Mummy cover of woman with crossed arms - ROM2005_5707_1


Mummy cover of woman with crossed arms

Medium:Wood, gesso, paint
Geography: Thebes (modern Luxor), Egypt
Date: c. 1069-945 BC
Period: Mid 21st Dynasty, 3rd Intermediate Period
160 × 39.5 × 16 cm
Object number: 2005.86.1
Credit Line: Gift of the Louise Hawley Stone Charitable Trust.
Not on view

Mummy covers were place within the coffin, directly over the body, functioning as a kind of mummy mask.  They were in use for about two hundred years.  The style and decoration informs us that the deceased was a woman of property and a member of the 'clerical class' in Thebes.

In this fine example, the deceased lady is shown as an 'akh,' a glorified spirit who dwells with Osiris and now sees the gods face to face.  She is now a powerful spirit whose assistance can be entreated by the living.  Unfortunately, the name of the deceased is not written on this cover, though it may well have been on her coffin.
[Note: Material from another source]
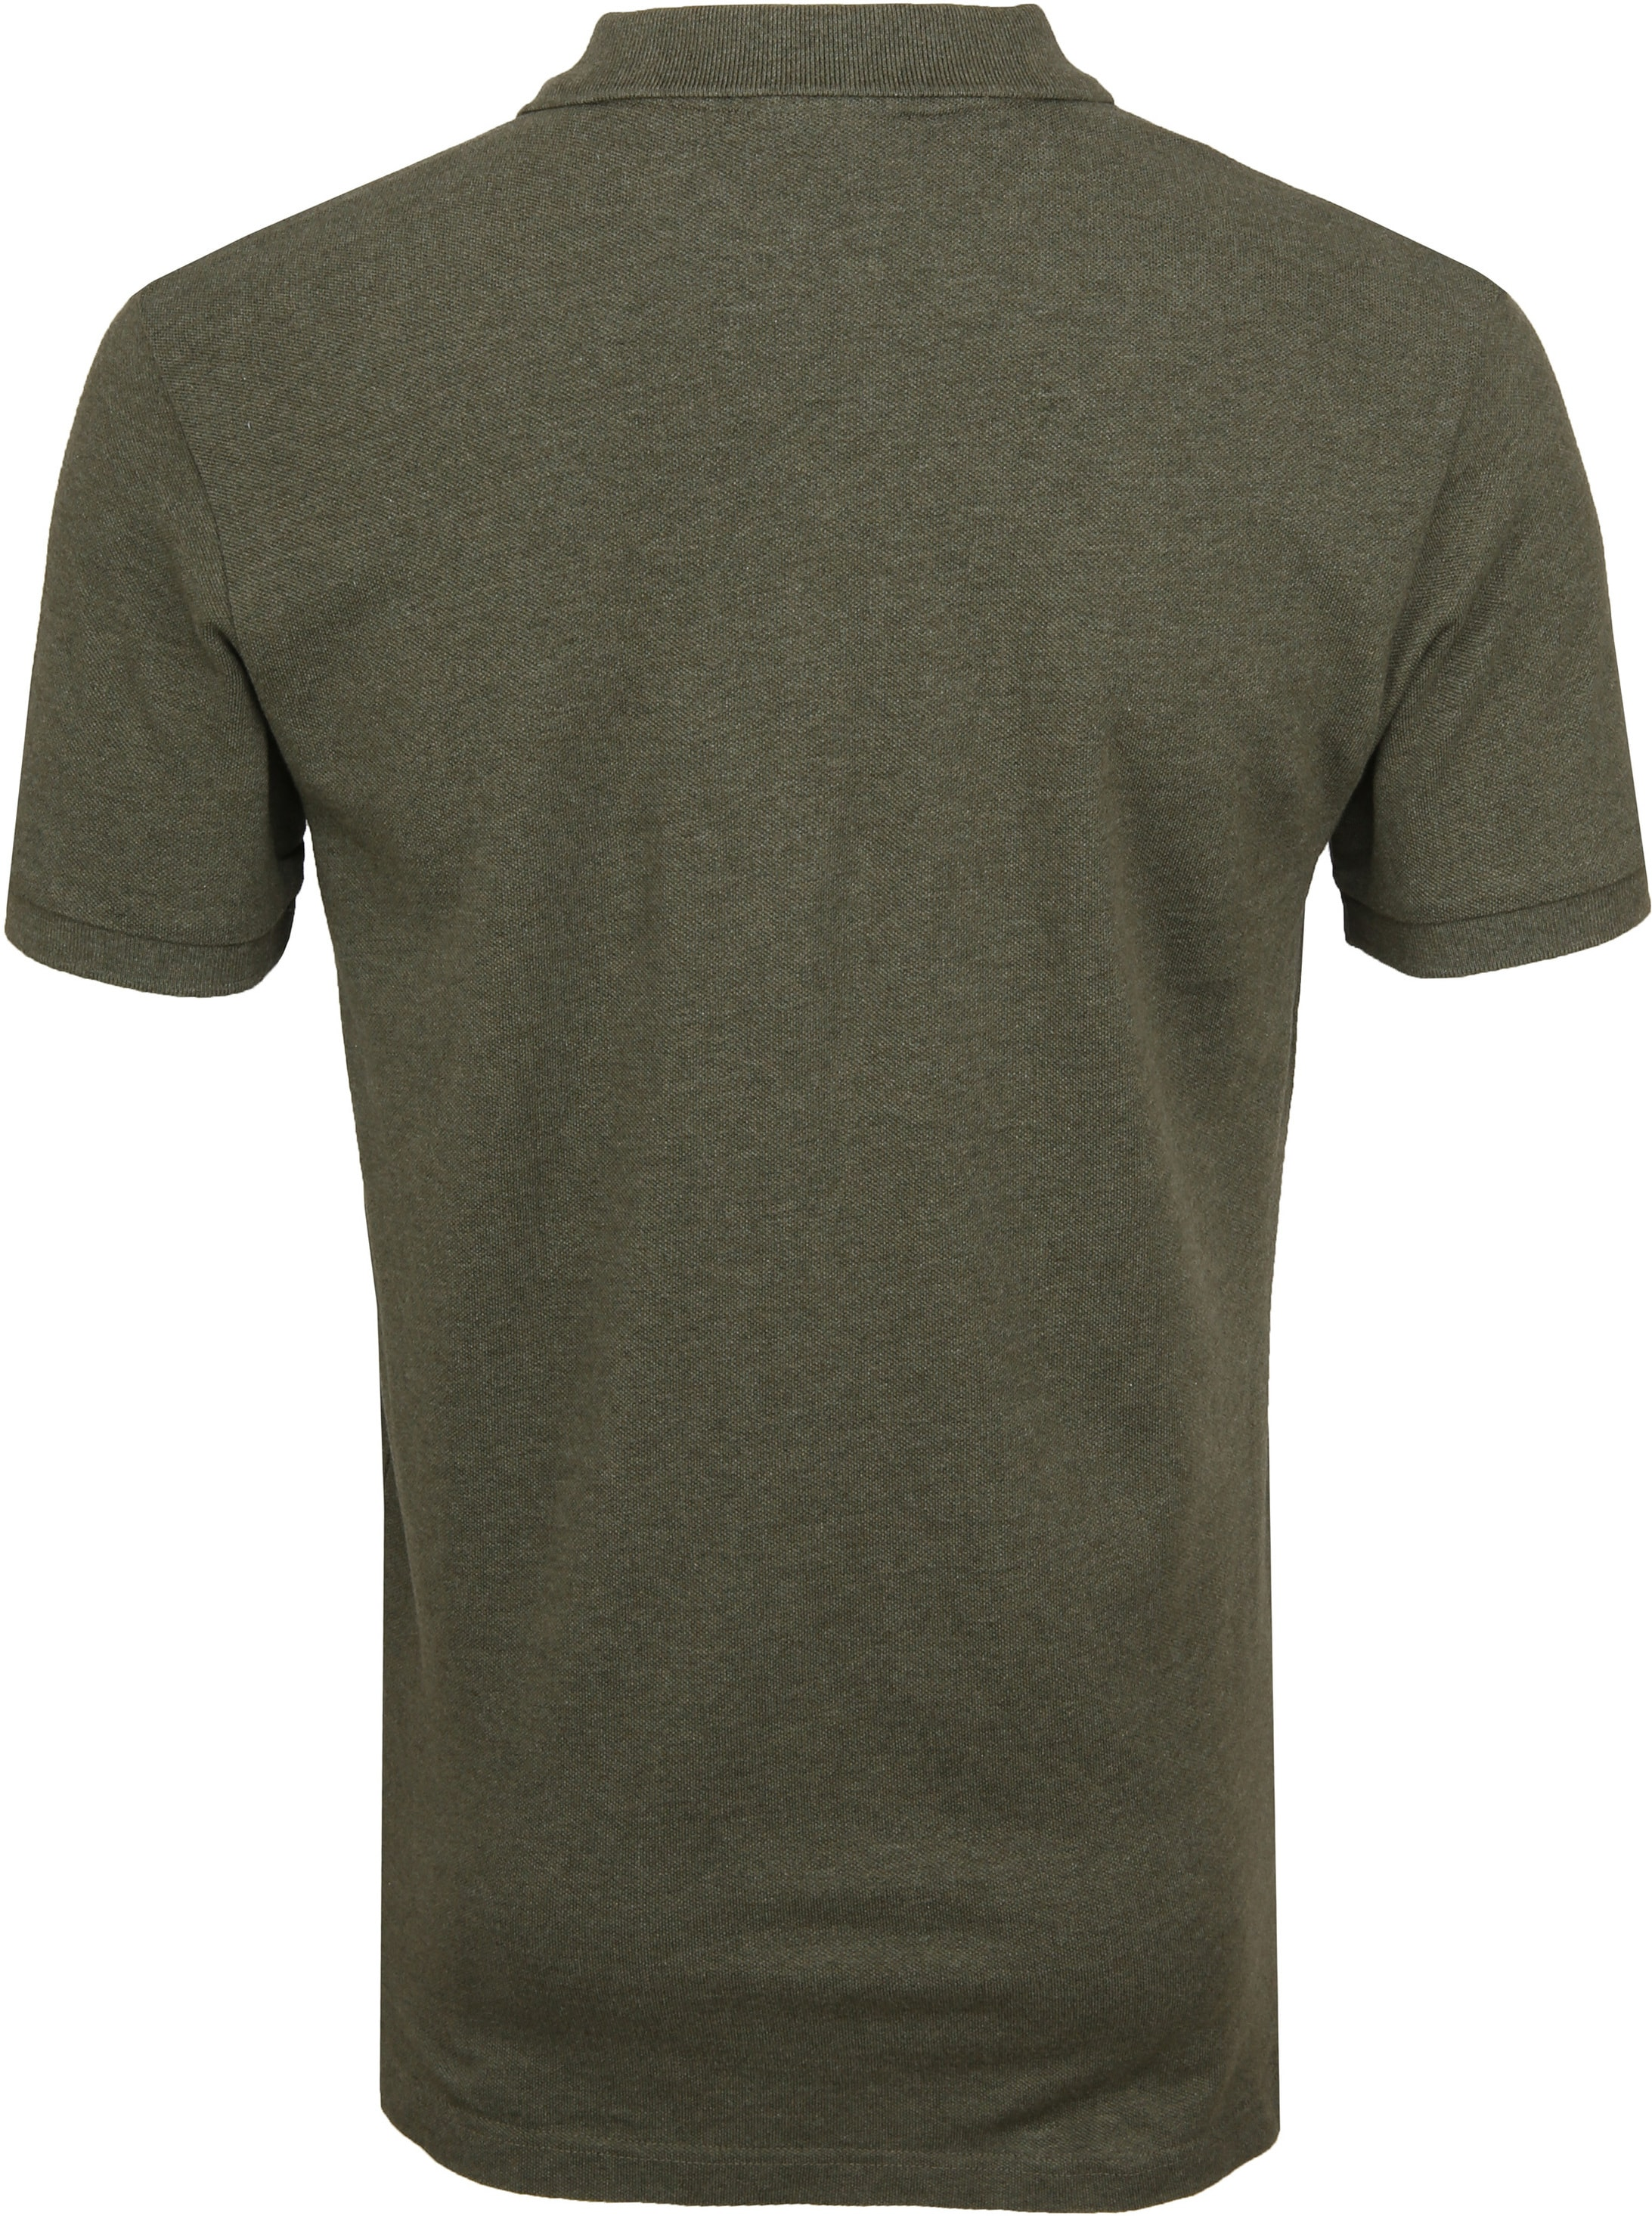 Profuomo Short Sleeve Poloshirt Army foto 3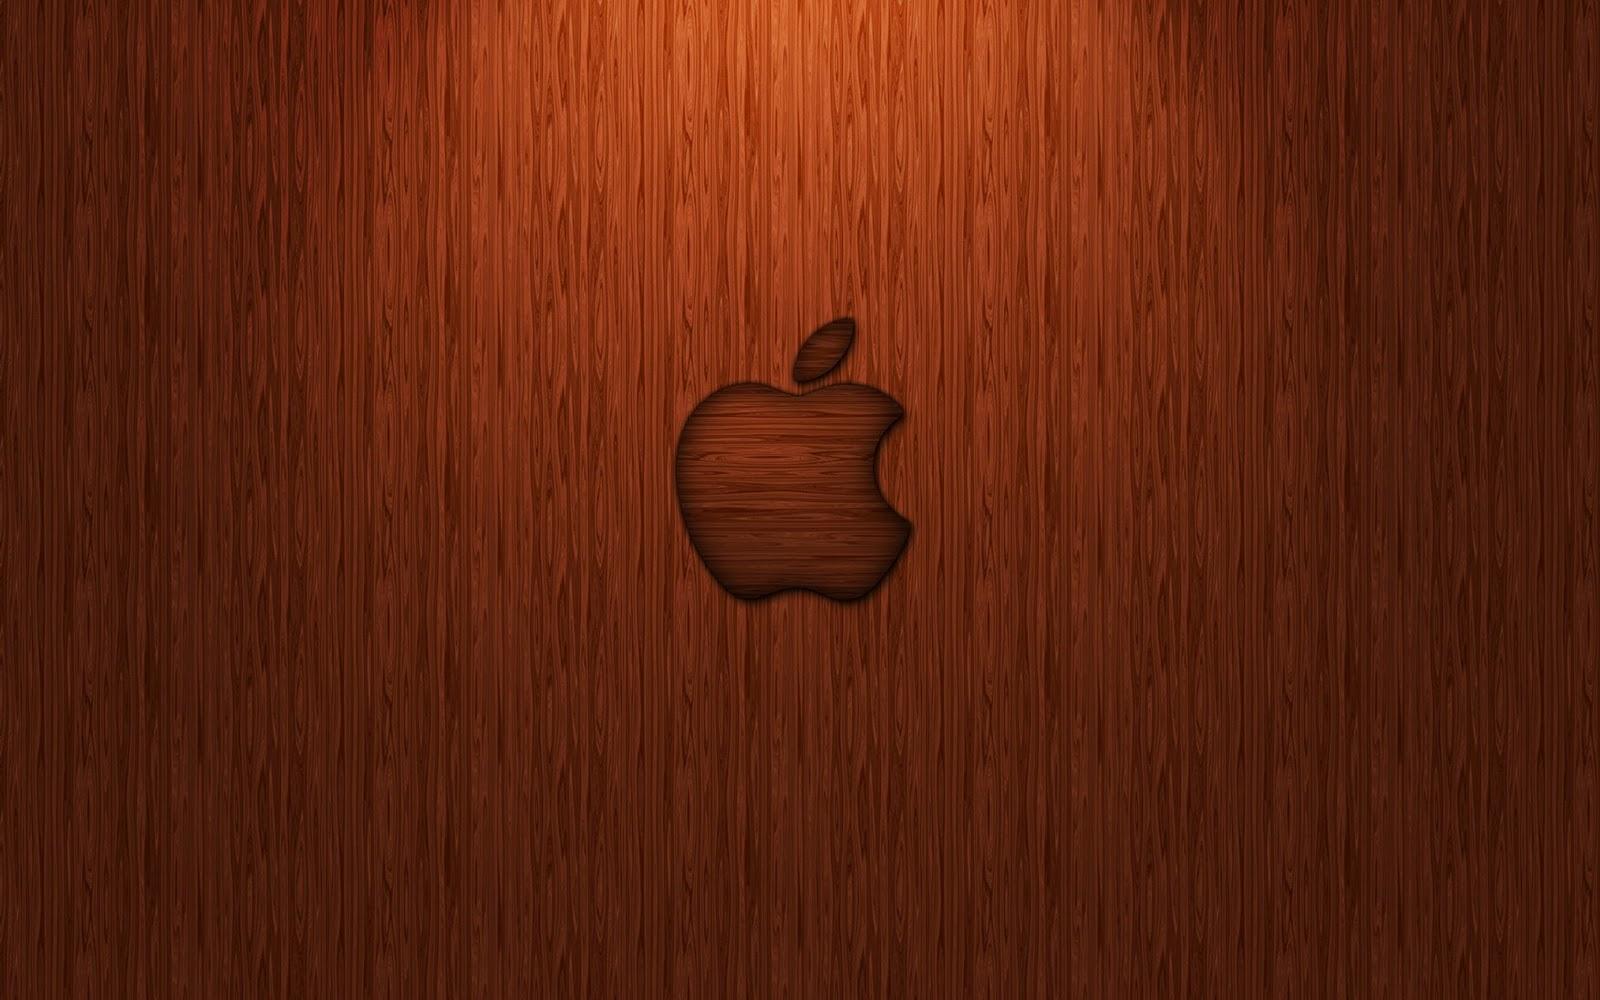 download wood grain wallpaper 15241 1600x1000 px high

The central lines of text over what would have been the lady's legs repeat the traditiional hotep di nesu formula that assures the living that Osiris will supply her with a thousand loaves of bread, a thousand jugs of beer, and other food and supplies for all eternity.

The pattern of decoration is traditional, but the gently melancholy face, framed by a festival wig, is exceptionally beautiful.